Looking to various existing sources, I can see shape's EDGE definitions like:

<Edge strokeStyle="1" edges="!0 0S4|180 0"/>
<Edge strokeStyle="1" edges="!2720 2720S6|0 2720!0 2720|0 0!0 0/2720 2720"/>
<Edge fillStyle1="1" edges="!3532 1539.5S2[#BD9.4D #577.3C 2952.5 1756.5!2952.5 1756.5[#AF6.DA #4C6.1D 3584 1119!3584 1119|3532 1539.5"/> 

Doing some tests I can say, that:

! == move to position
| == draw line from the position to the new position
/ == probably same like |
[ == draw curve
( == probably same like [

But what means the values like S4 or #BD9.4D? My not proved yet guess is, that the # values could be somehow encoded very small numbers. I have no clue what could be the S4.

Midterm answered 2/11, 2010 at 11:34 Comment(0)
A
12

!(x,y) moveTo

/(x,y)+ lineTo

|(x,y)+ lineTo

[(x1 y1 ex ey)+ curveTo (quadratic)

](x1 y1 ex ey)+ curveTo (quadratic)

((pBCPx pBCPy)? ; x1 y1 x2 y2 ex ey (({Q,q,P,p})? x y)+ curveTo (cubic start)

)(nBCPx nBCPy)? ; curveTo (cubic end)

Sn selection (n=bitmask, 1:fillStyle0, 2:fillStyle1, 4:stroke)
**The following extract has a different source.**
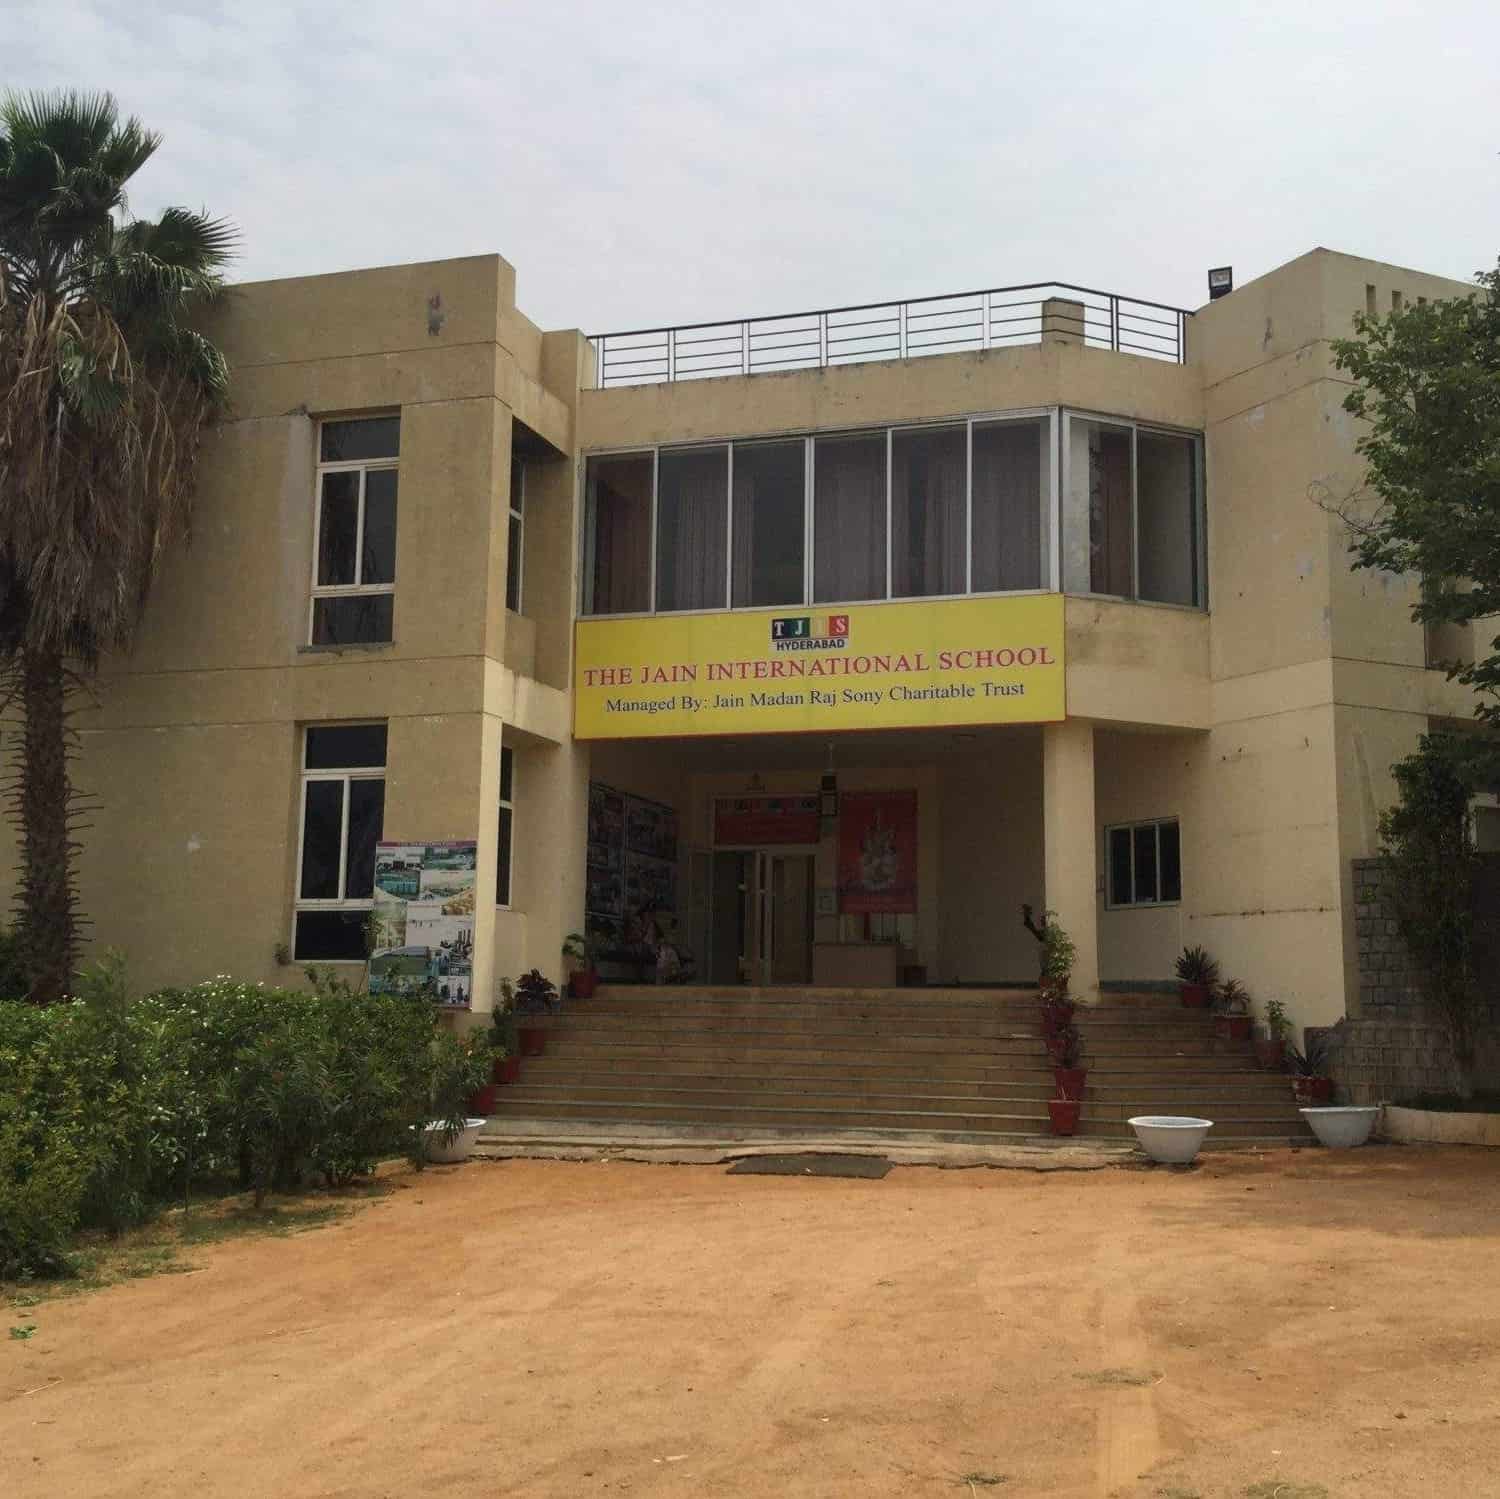 The Jain International School
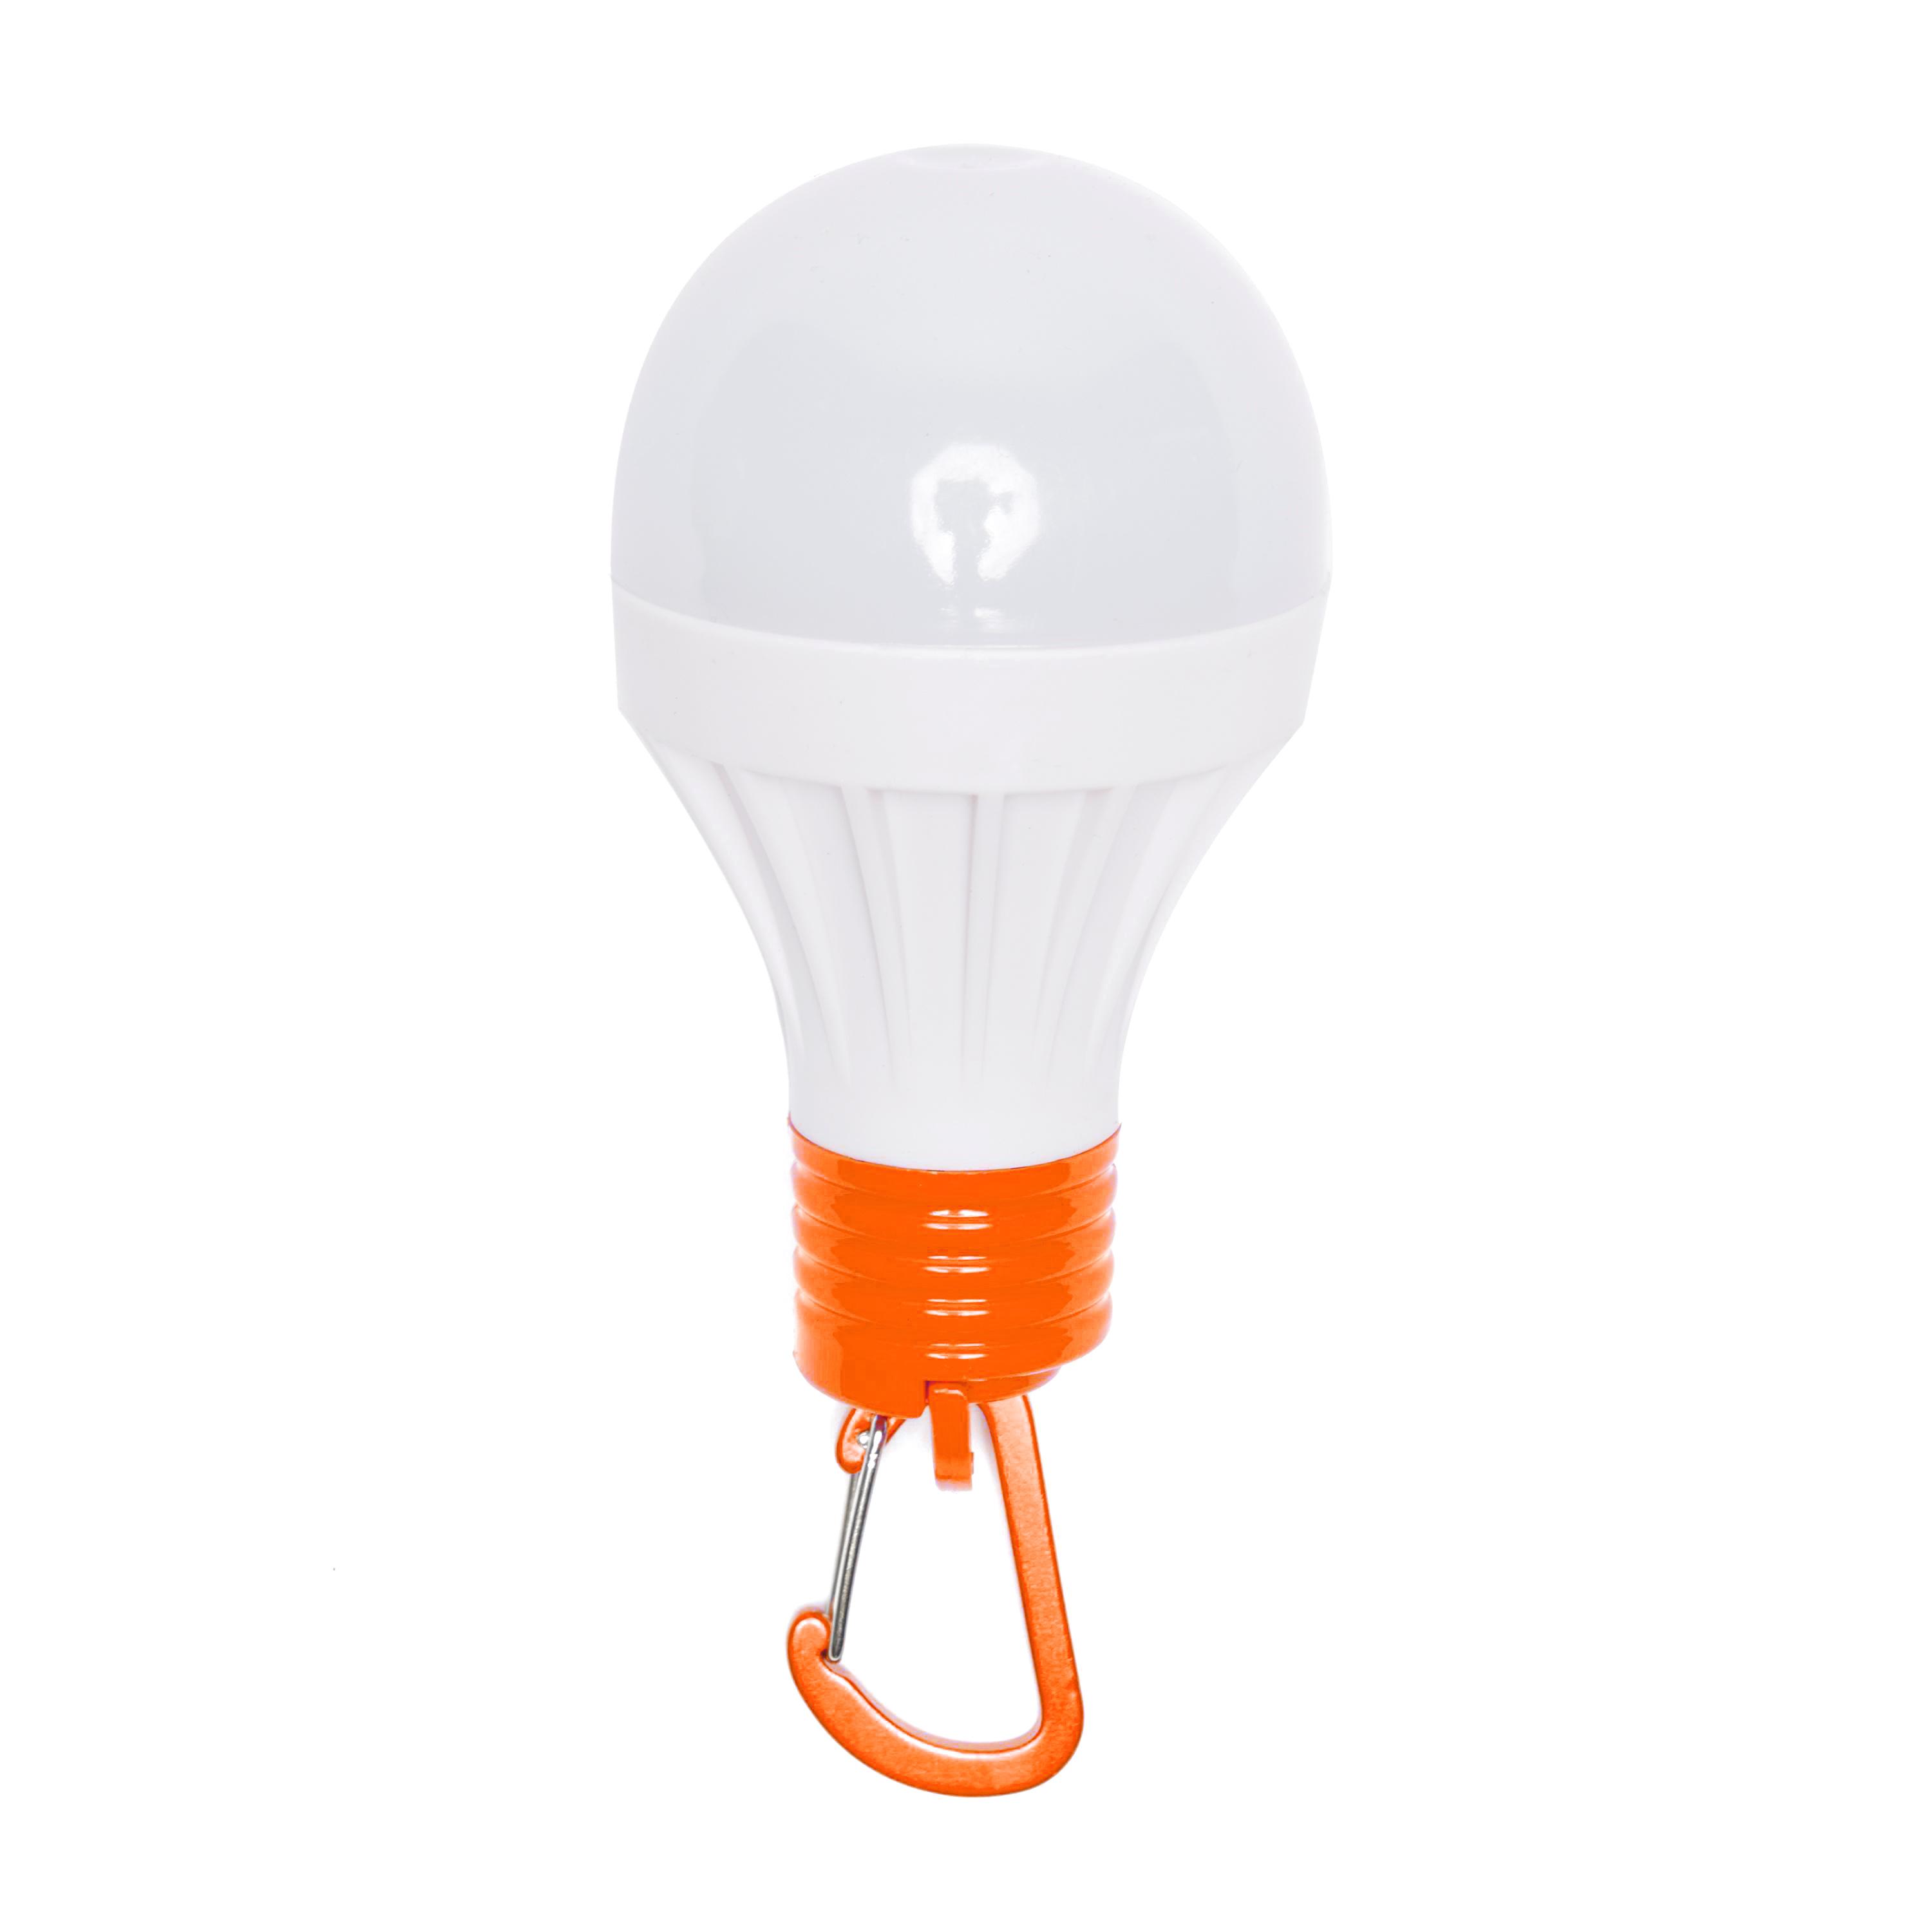 product image of Eurohike 1W LED Orb Light, White

#aaaaaa.bb is a signed fixed point 32 bit number

Assisi answered 2/11, 2010 at 12:39 Comment(9)
btw.. don't you know what means the cubics values as well?Midterm
i know everything ;) the cubics (as well as the selection flag) are merely hints for the IDE (cubics can only appear in cubics attributes)Assisi
...though i'm not sure what the semantics of all the parameters are. x1, y1, x2, y2 are probably control points and ex, ey the end anchor, and pBCP/nBCP stands for previous/next Bezier Control Point. Not sure about the rest.Assisi
And what is the difference between | and / lineTo?Midterm
I know it's an old question, but where did you find this informations, is there a spec ?Sunderland
@Sunderland i may or may not have had access to an internal document. To my knowledge there is no official spec (my knowledge might be outdated though, i don't know).Assisi
@ClausWahlers Thank you for you quick answer. It's a bit unfortunate that there is no spec (even unofficial sources are hardly helpful)Sunderland
Very old question indeed, but maybe someone knows. Why edges sometimes have both fillStyle0 and fillStyle1 ? What is the expected result of this?Resuscitator
Nevermind, found some additional info here: github.com/SasQ/SavageFlask/blob/master/doc/FLA.txtResuscitator
M
0

Hm... I was wrong with the guess to # values!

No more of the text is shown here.